← Journal0322026-06-234 min read

The token bill

Token prices fell 67 percent in a year. Enterprise AI spend went up anyway. Uber's story is the clearest account yet of what happens when you let agents run loose on the budget.

Uber's chief technology officer had a number in April that he did not have a story for. The ride-hailing company had exhausted its entire 2026 AI budget in the first four months of the year. The spend came almost entirely from token consumption on agentic coding tools — primarily Claude Code, the tool Anthropic released last year that writes and modifies code autonomously with minimal human intervention. Individual engineers were billing $500 to $2,000 a month in token costs. The company's response was to cap all employees at $1,500 per month per tool.

Uber president and COO Andrew Macdonald told Fortune in late May that despite the aggressive adoption — and the real productivity signal that adoption represents — he could not draw a clear line between rising AI spend and innovations that serve consumers. "That link is not there yet," he said. Sam Altman, appearing on CNBC the same week, acknowledged that the question of whether AI spending will ever produce returns is "the most fair criticism right now of AI."

Both of these statements were made by people at the center of the AI industry. Neither is a dismissal of AI; both are acknowledgments that something in the current deployment model is not working the way the spreadsheets assumed.

The underlying dynamic is mechanical. Token prices have fallen dramatically — 67 percent year-over-year, from $18.40 to $6.07 per million tokens between Q1 2025 and Q1 2026, based on blended market rates tracked by industry analysts. This looks like deflation. In unit terms, it is. But total enterprise AI spend equals price per unit multiplied by volume consumed, and the second variable is growing faster than the first is falling.

The volume problem is specific to agents. A standard chatbot that answers a query in a single turn burns a modest number of tokens per interaction. An agentic system that breaks a task into subtasks, calls tools, checks its own output, iterates, and uses memory across sessions burns five to thirty times more tokens for the same notional task. EY's analysis of agentic AI token costs puts the per-interaction comparison this way: a simple linear AI workflow in 2023 cost approximately $0.04. A complex orchestrated agentic system in 2026, with tools, reasoning loops, and iterative refinement, runs to around $1.20 per interaction. Lower price per token, thirty times higher consumption per task, higher total spend.

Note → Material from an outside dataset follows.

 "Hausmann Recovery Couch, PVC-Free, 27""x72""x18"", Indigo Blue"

The teams most affected are not the ones that deployed agents casually. They are the ones that deployed agents seriously — that embedded agentic coding tools into their engineering workflow, got the productivity signal, encouraged broader adoption, and then saw the billing statement. Adoption velocity and cost control are not naturally aligned when the unit of adoption is a tool that generates variable token volumes per session.

The FinOps community has noticed. In 2025, 31 percent of FinOps practitioners surveyed said they were responsible for managing AI spend. By 2026, that figure is 98 percent. The Linux Foundation announced the Tokenomics Foundation, positioning it as a standards body for AI token cost discipline modeled on what FinOps did for cloud infrastructure spending. Whether a standards body is the right instrument for this problem is debatable; that the problem is real enough to attract institutional attention is not.

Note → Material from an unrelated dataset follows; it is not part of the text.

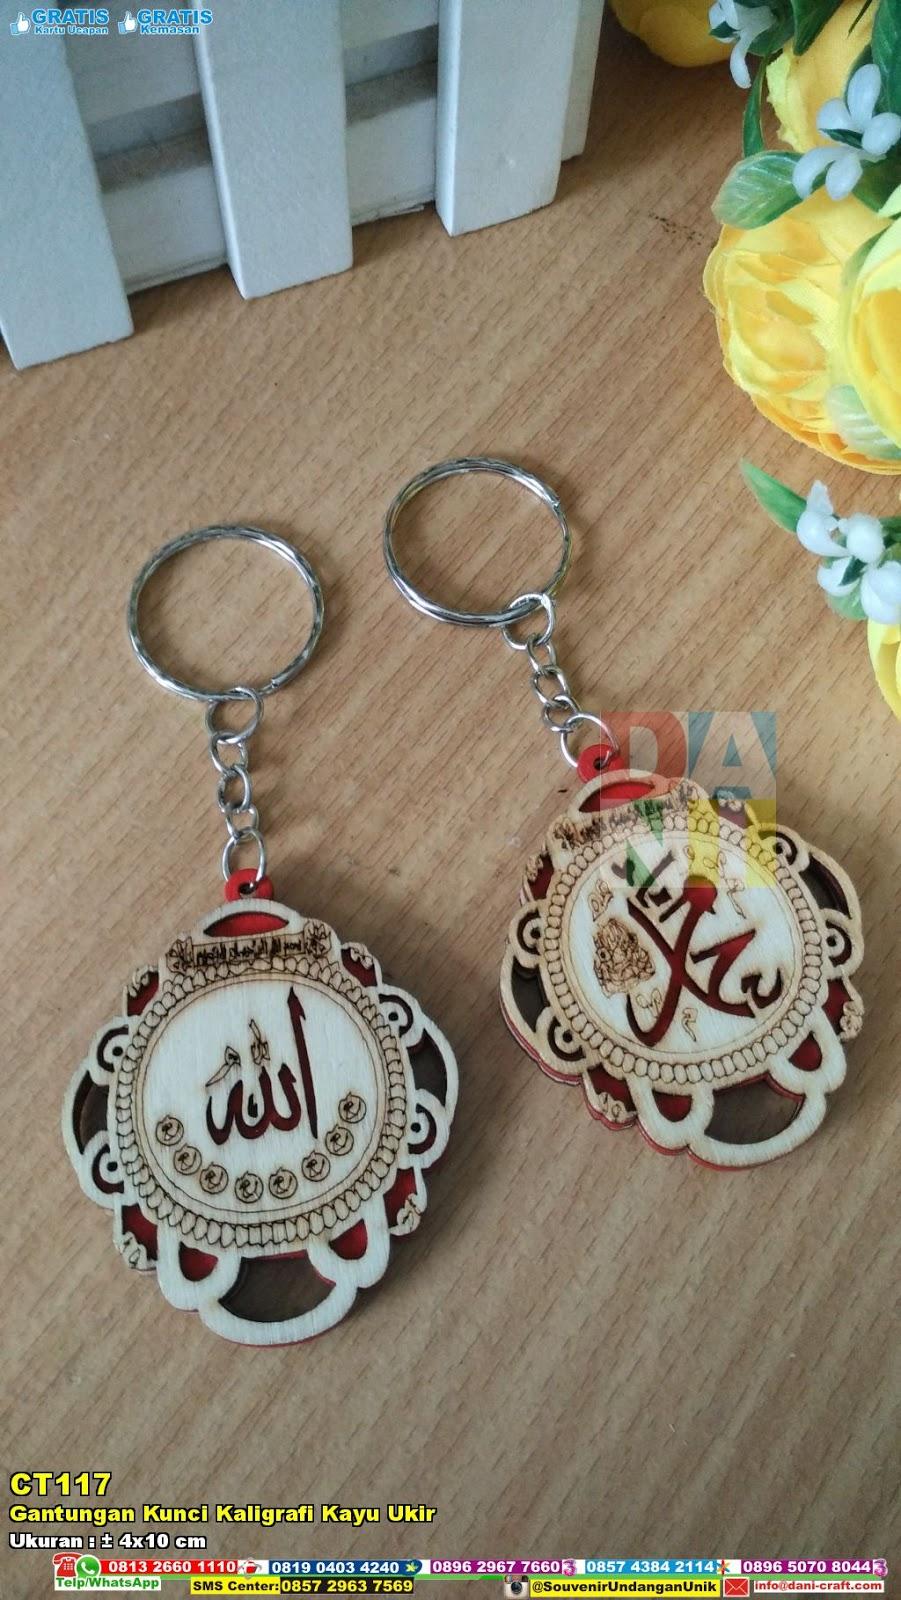 Gantungan Kunci Kaligrafi Kayu Ukir  Souvenir Pernikahan

The operational failure mode that is creating the worst surprises is what some teams are calling tokenmaxxing: background agentic processes that run continuously, generate output that nobody reviews, and accumulate token spend as a side effect of being left on. CockroachLabs' engineering blog published a useful taxonomy of the common patterns — ambient agents polling state at fixed intervals regardless of whether anything changed, summarization agents generating summaries of summaries, and evaluation loops running more iterations than the task required because there was no exit condition for "good enough." None of these are bugs in the agent; they are design choices that were made without thinking about token cost as a design constraint.

The corrective is not to stop using agents. The corrective is to treat token consumption as a first-class output metric the same way you treat latency or error rate. If you cannot answer "how many tokens does this workflow burn per run" for any agentic workflow in production, you are operating blind in a way that will surface eventually in a billing statement.

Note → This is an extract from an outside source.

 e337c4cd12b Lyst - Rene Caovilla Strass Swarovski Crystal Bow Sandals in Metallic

There is also a harder question embedded in Macdonald's comment, and Altman's, that deserves to be stated plainly: the value of AI spend at enterprise scale is currently difficult to measure because the productivity gains are diffuse and the costs are concentrated. Engineers ship faster. Whether what they ship is better, or more valuable, or serves the users the company serves, is not a number you can read directly from token consumption. The gap between the two is where most enterprises are sitting right now.

The bill is here. The ROI accounting is still being worked out.

The short of it.

Uber burned through its entire 2026 AI budget in four months, capped employees at $1,500 per month per tool, and its COO admitted he cannot yet draw a line between AI spend and consumer value. Token prices fell 67 percent in a year, but agentic systems burn 5-30x more tokens per task than chatbots, pushing total enterprise AI spend up even as unit costs fall. The FinOps community is scrambling — 98 percent of practitioners are now managing AI spend, up from 31 percent last year. The fix is treating token consumption as a design constraint, not an afterthought; any workflow you cannot cost per-run before deploying will cost you more than you planned.